## WORK TO COMPLETE
From the first line to the last, return the data exactly, with no pictures.

## COLLECTED DATA
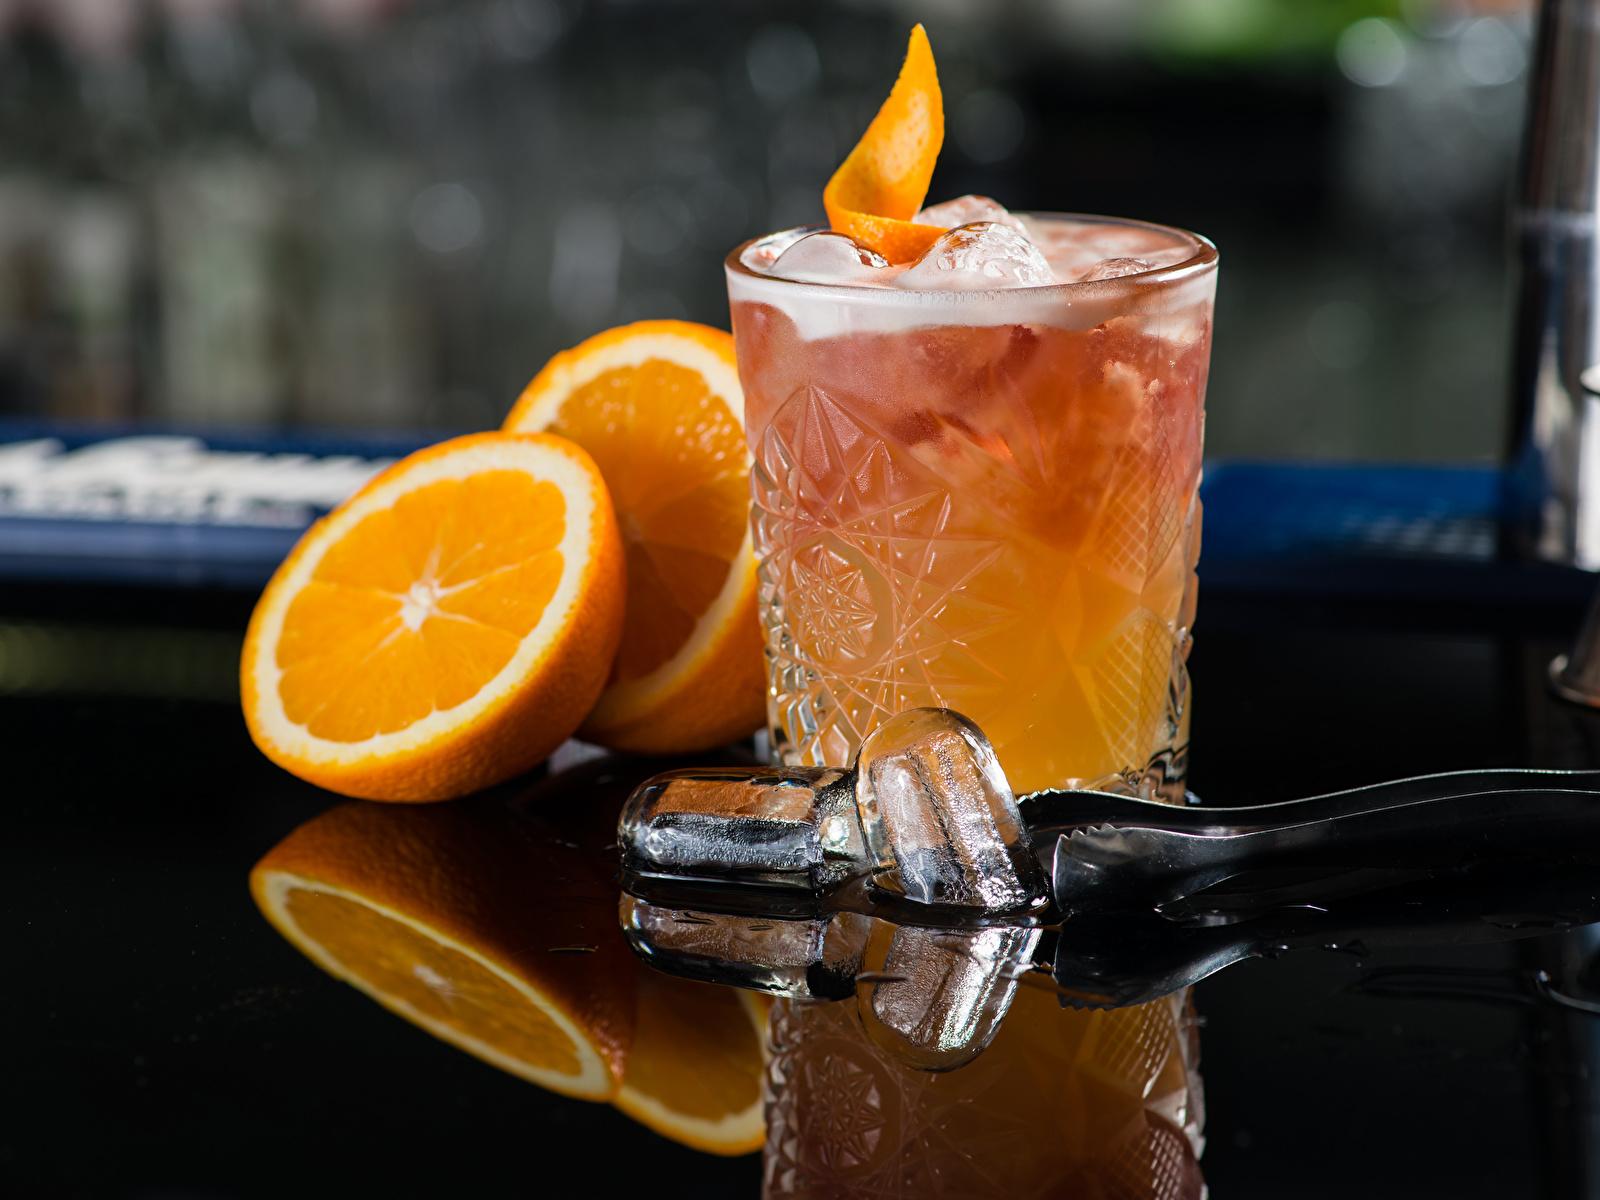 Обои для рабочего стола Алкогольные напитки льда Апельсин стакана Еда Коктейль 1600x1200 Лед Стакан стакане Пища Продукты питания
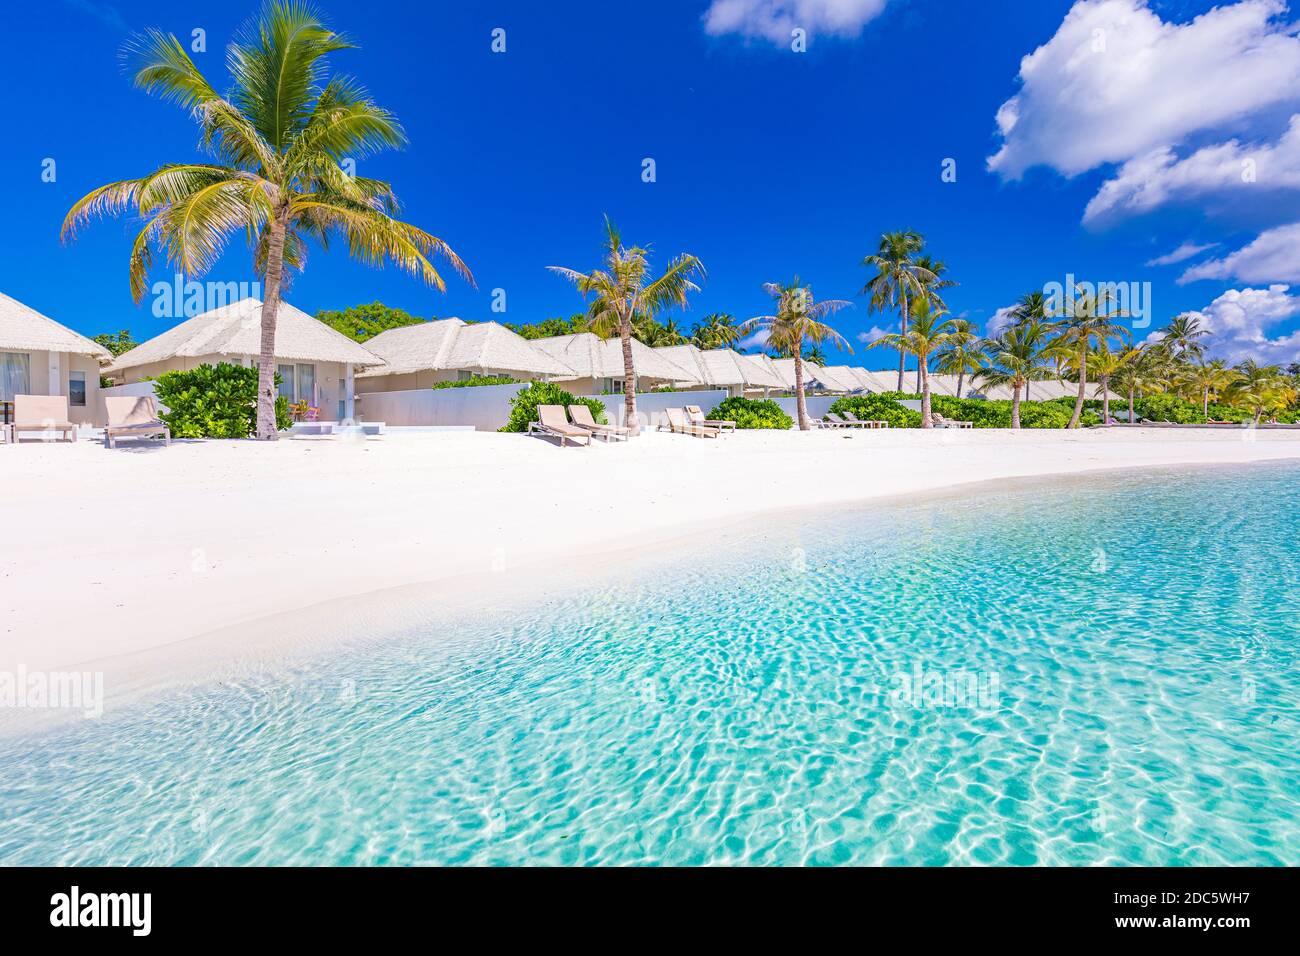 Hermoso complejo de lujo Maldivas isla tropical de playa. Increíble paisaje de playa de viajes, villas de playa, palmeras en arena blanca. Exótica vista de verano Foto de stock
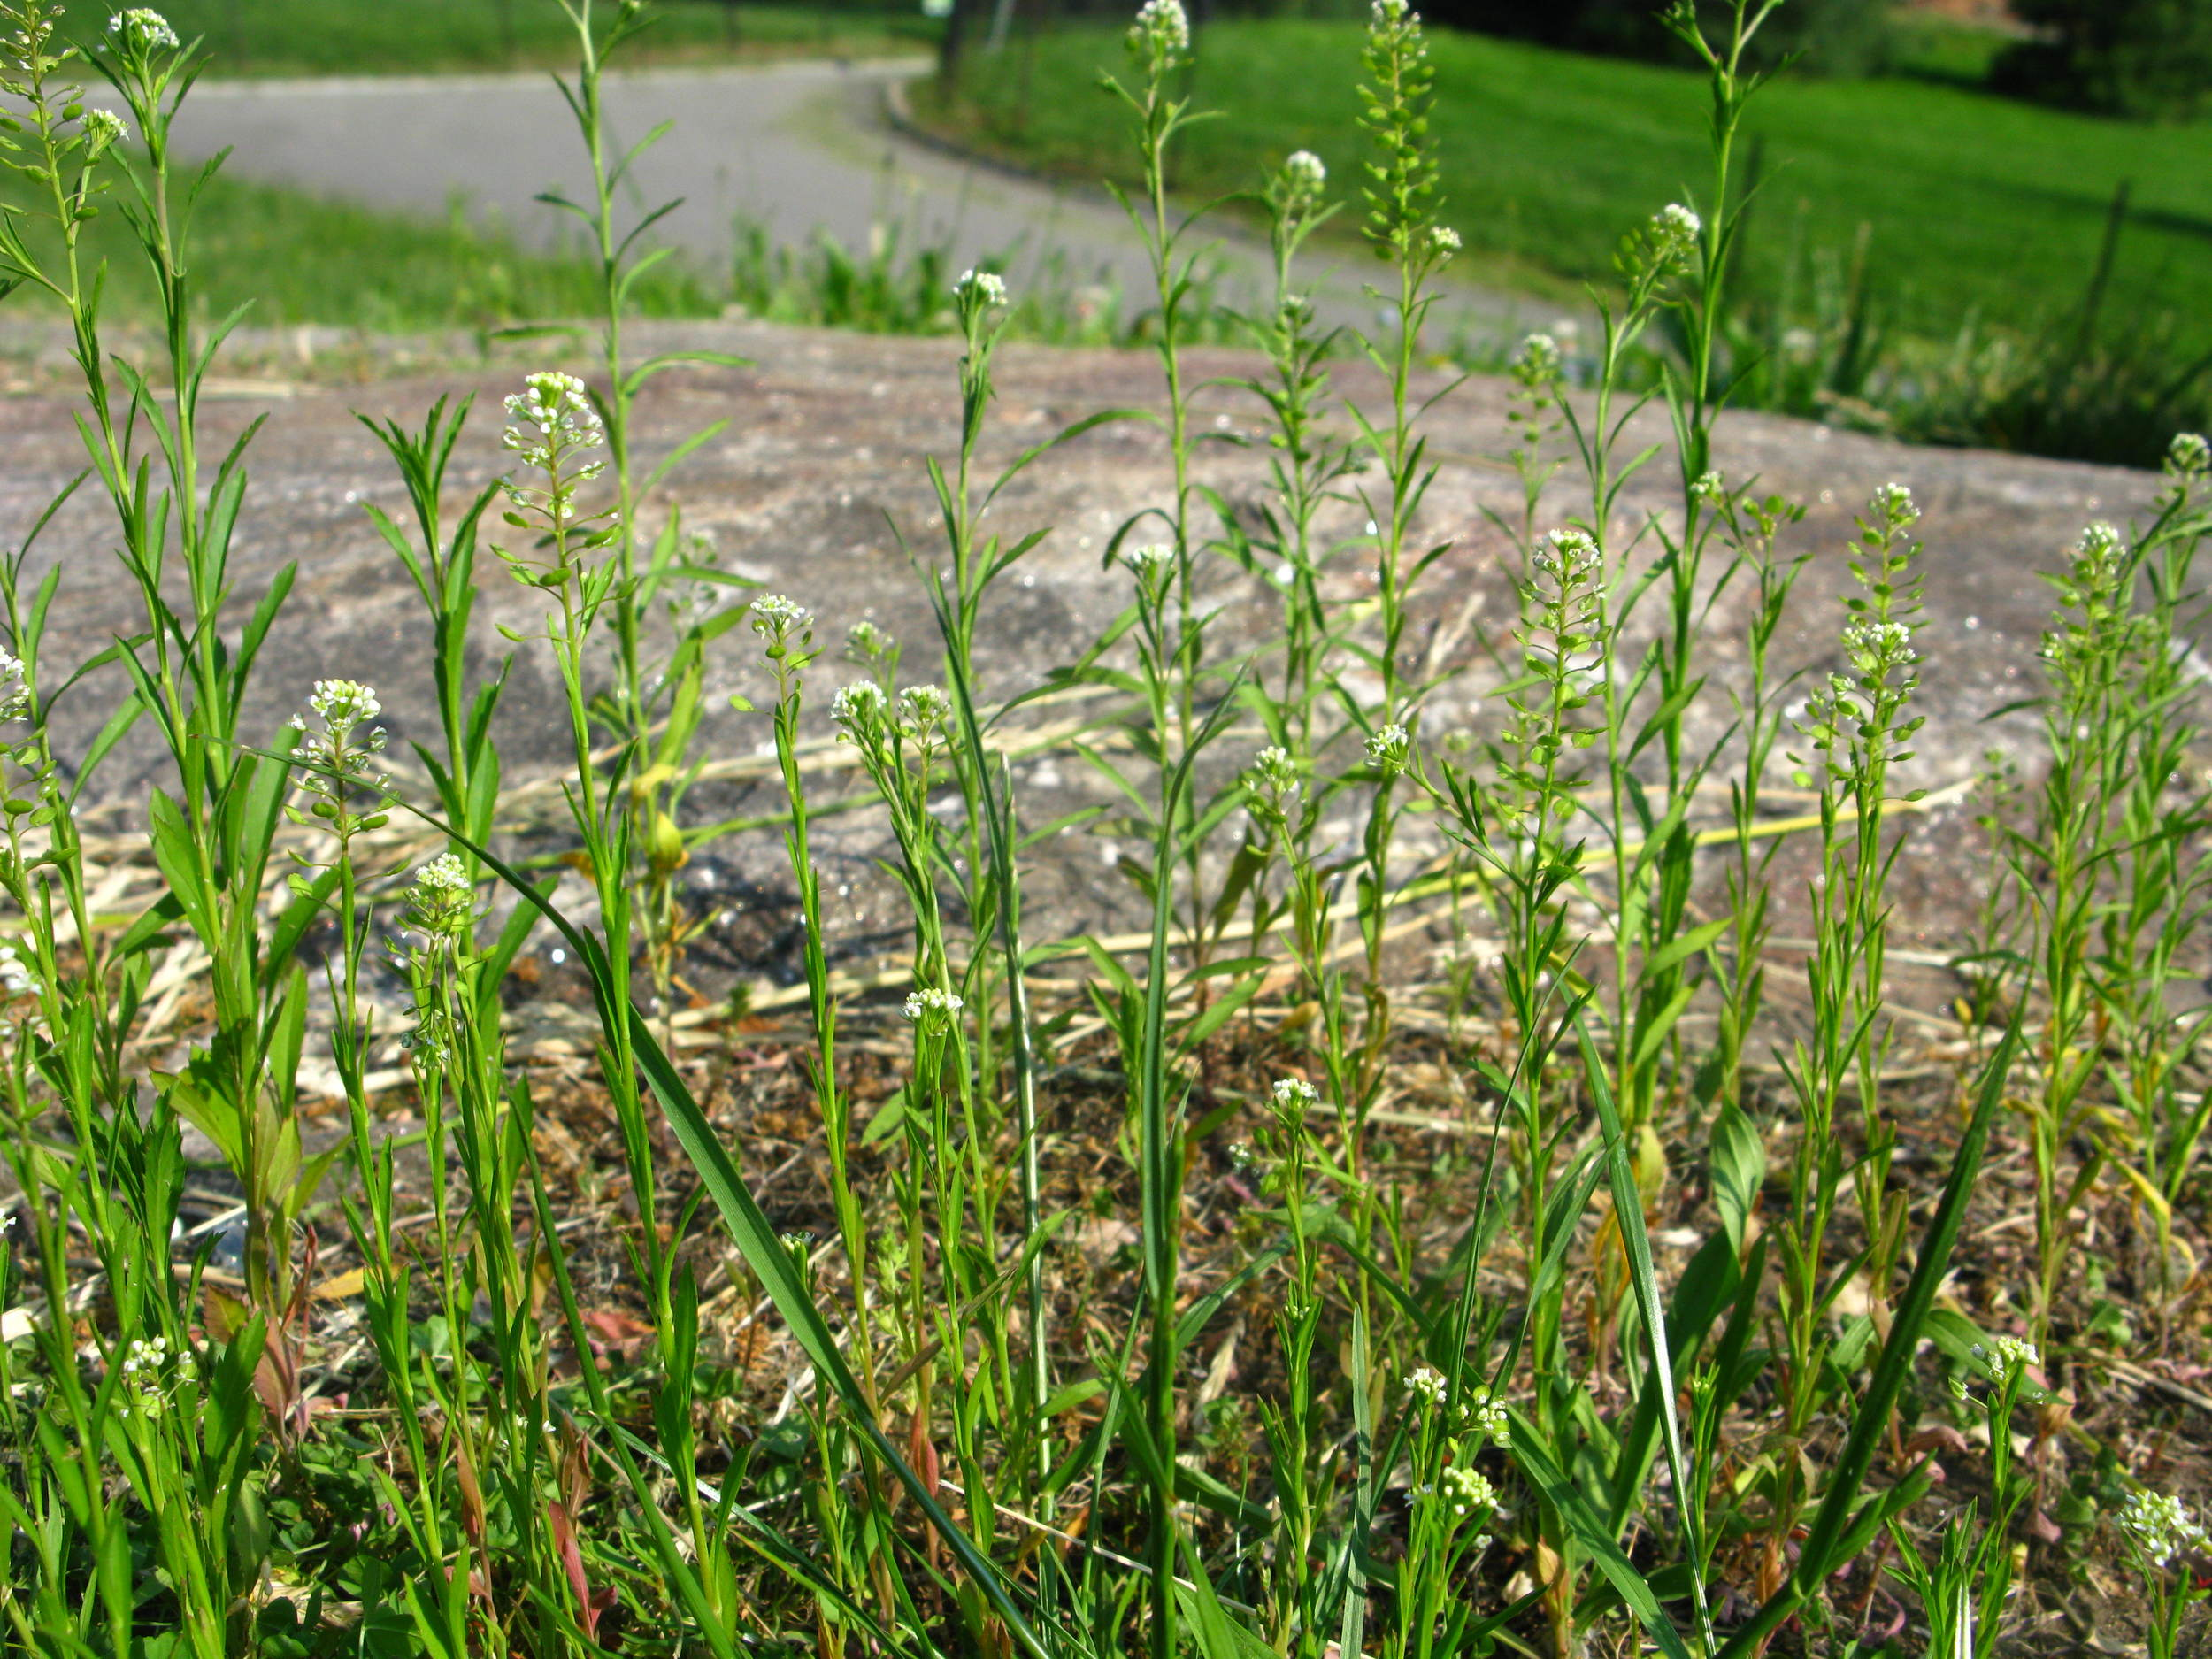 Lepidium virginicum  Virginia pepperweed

## SOLUTION
 Обои для рабочего стола Алкогольные напитки льда Апельсин стакана Еда Коктейль 1600x1200 Лед Стакан стакане Пища Продукты питания
 Hermoso complejo de lujo Maldivas isla tropical de playa. Increíble paisaje de playa de viajes, villas de playa, palmeras en arena blanca. Exótica vista de verano Foto de stock
 Lepidium virginicum  Virginia pepperweed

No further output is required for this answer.